Dear Insurance Providers,
I'm sure you want to help stroke survivors. A survivor that is home in the pursuit of happiness is healthier and cheaper.
But there's a problem... The systems that insurance companies and Medicare ("payers") have developed is a hodgepodge based on a patchwork of incorrect assumptions and old science.
But there's a problem... The systems that insurance companies and Medicare ("payers") have developed is a hodgepodge based on a patchwork of incorrect assumptions and old science.
The following are some recommendations to better align insurance regulations with the aspirations of survivors.
1. Make immediate screening for TPA mandatory, even in the most rural hospitals.

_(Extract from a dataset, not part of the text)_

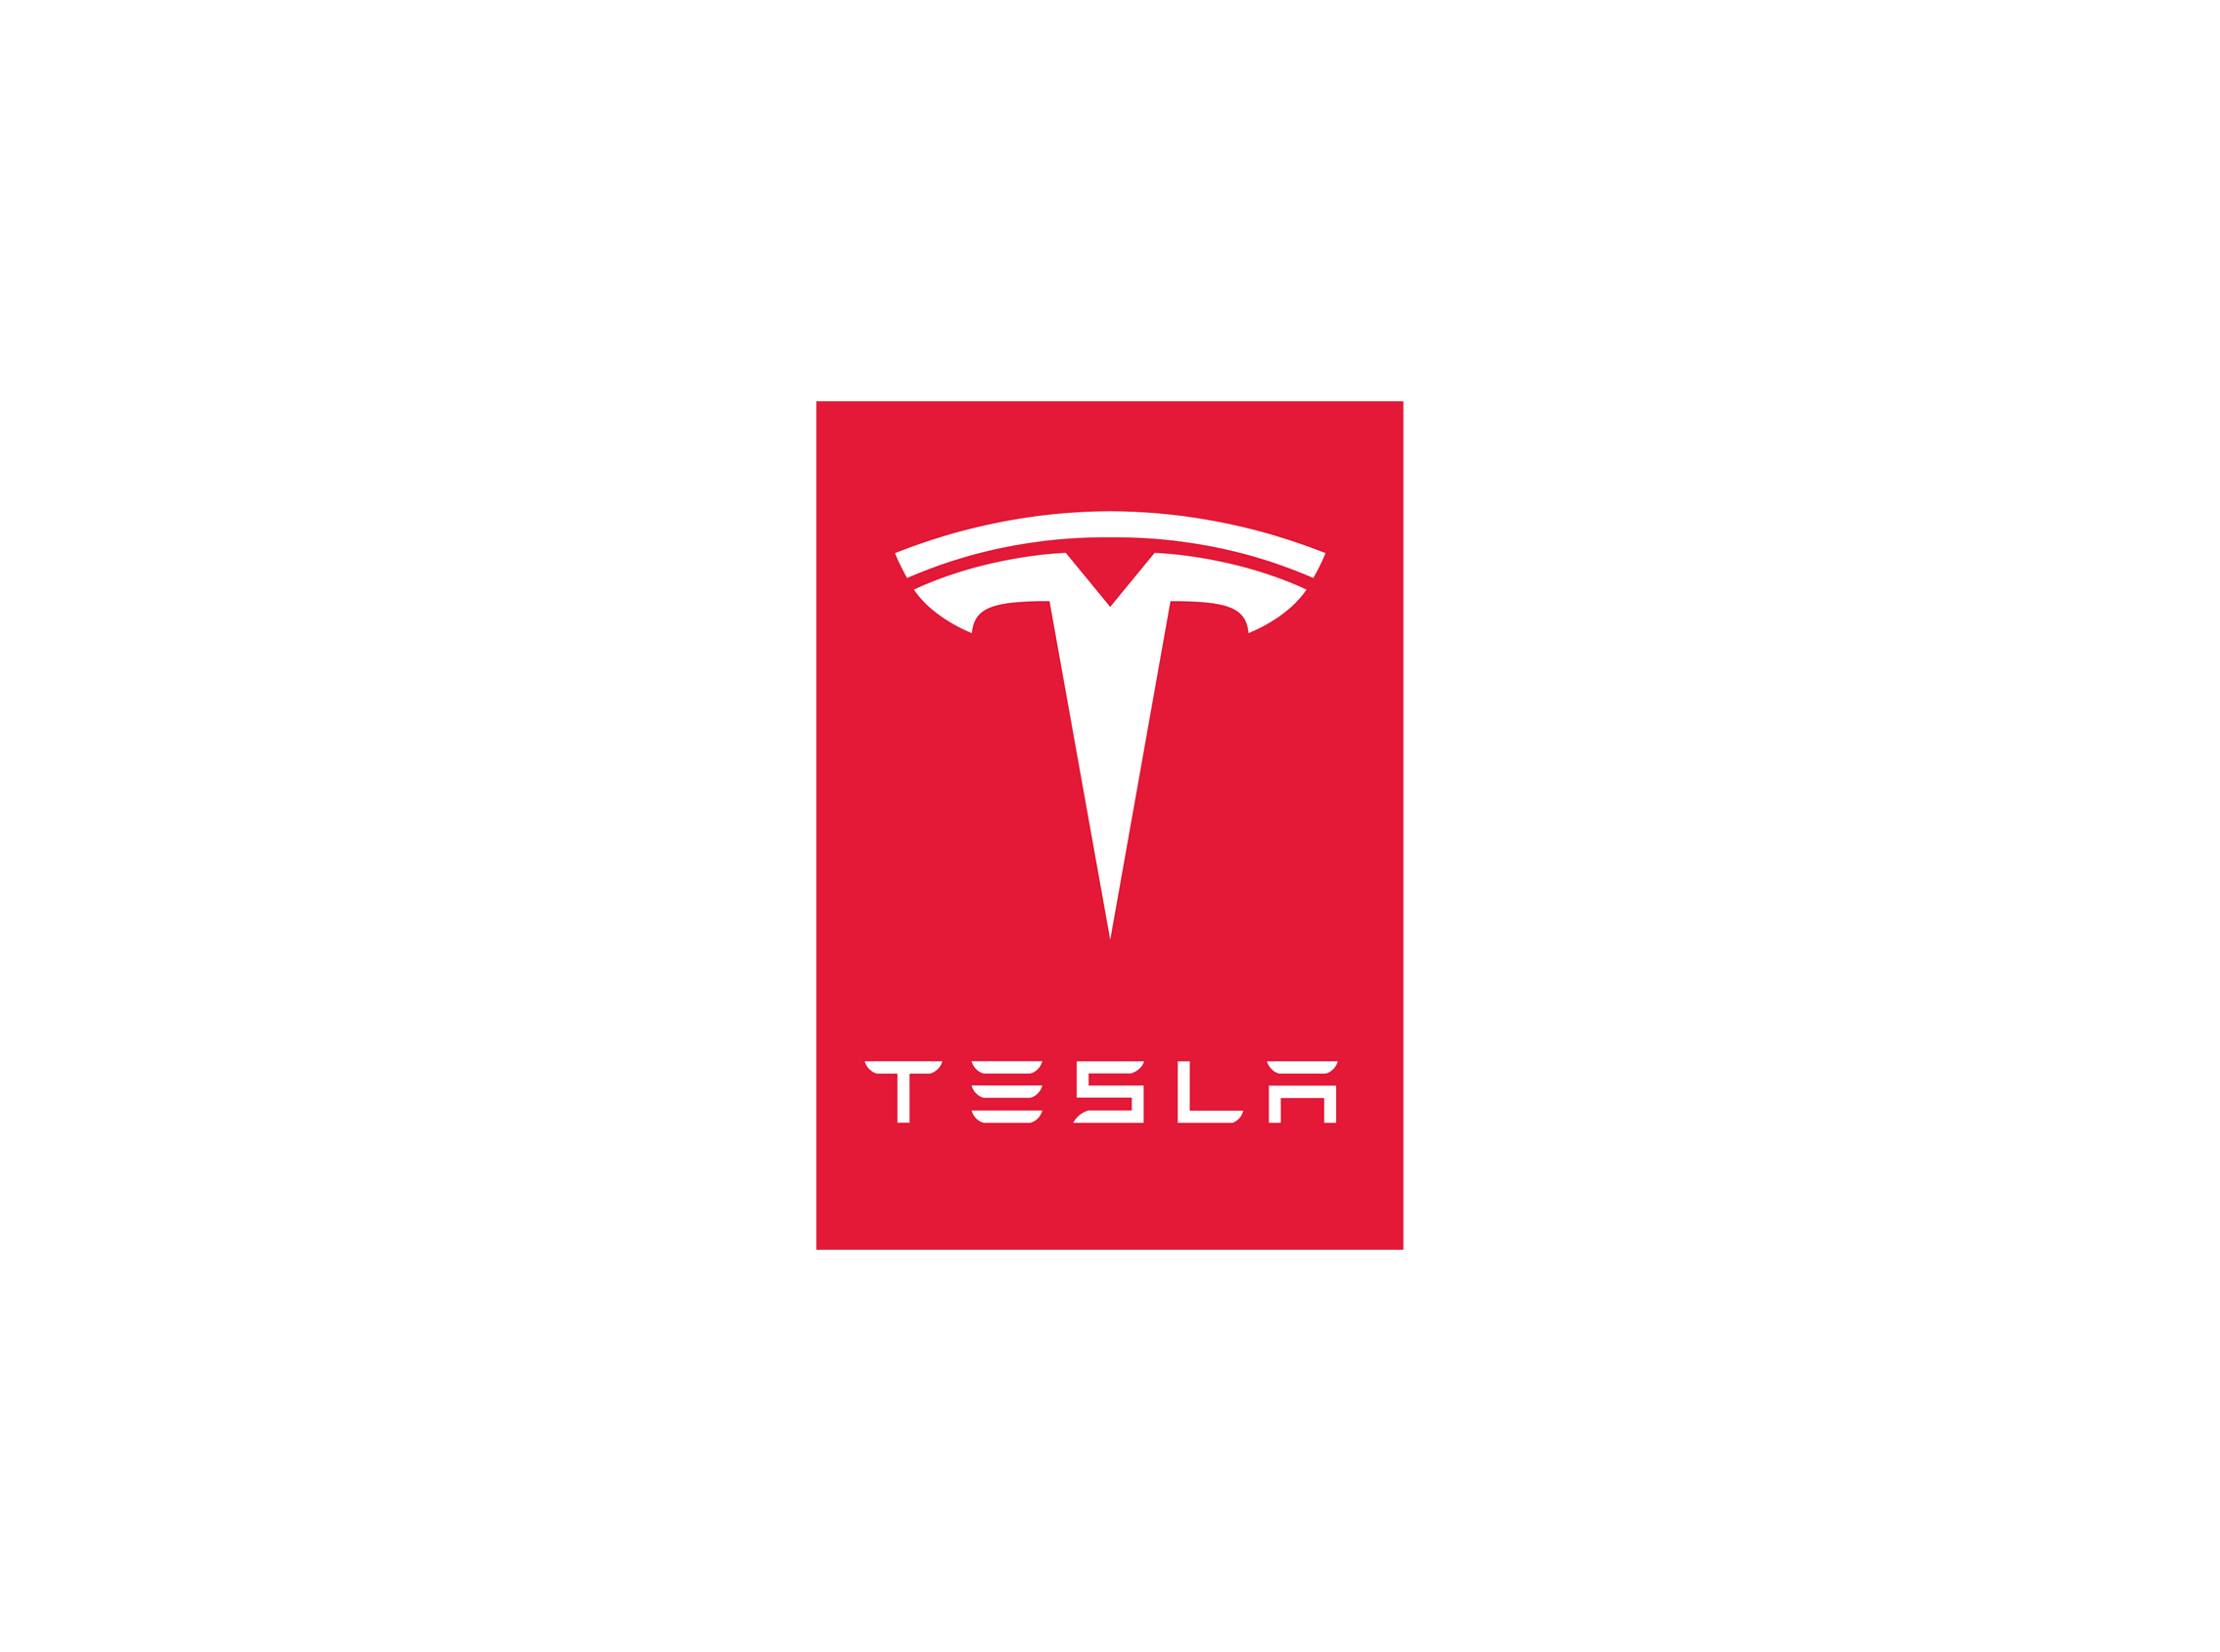 Tesla-logo-tag-red-white.png

2. Where a survivor goes for therapy matters. Unfortunately, the decision determining where the lion's share of recovery will take place is made within the first few days post-stroke— way too soon. Given the emerging healing in the brain acutely there is simply no way for any clinician to predict where that survivor is going to be, functionally, in a week, let alone a month – or several months out.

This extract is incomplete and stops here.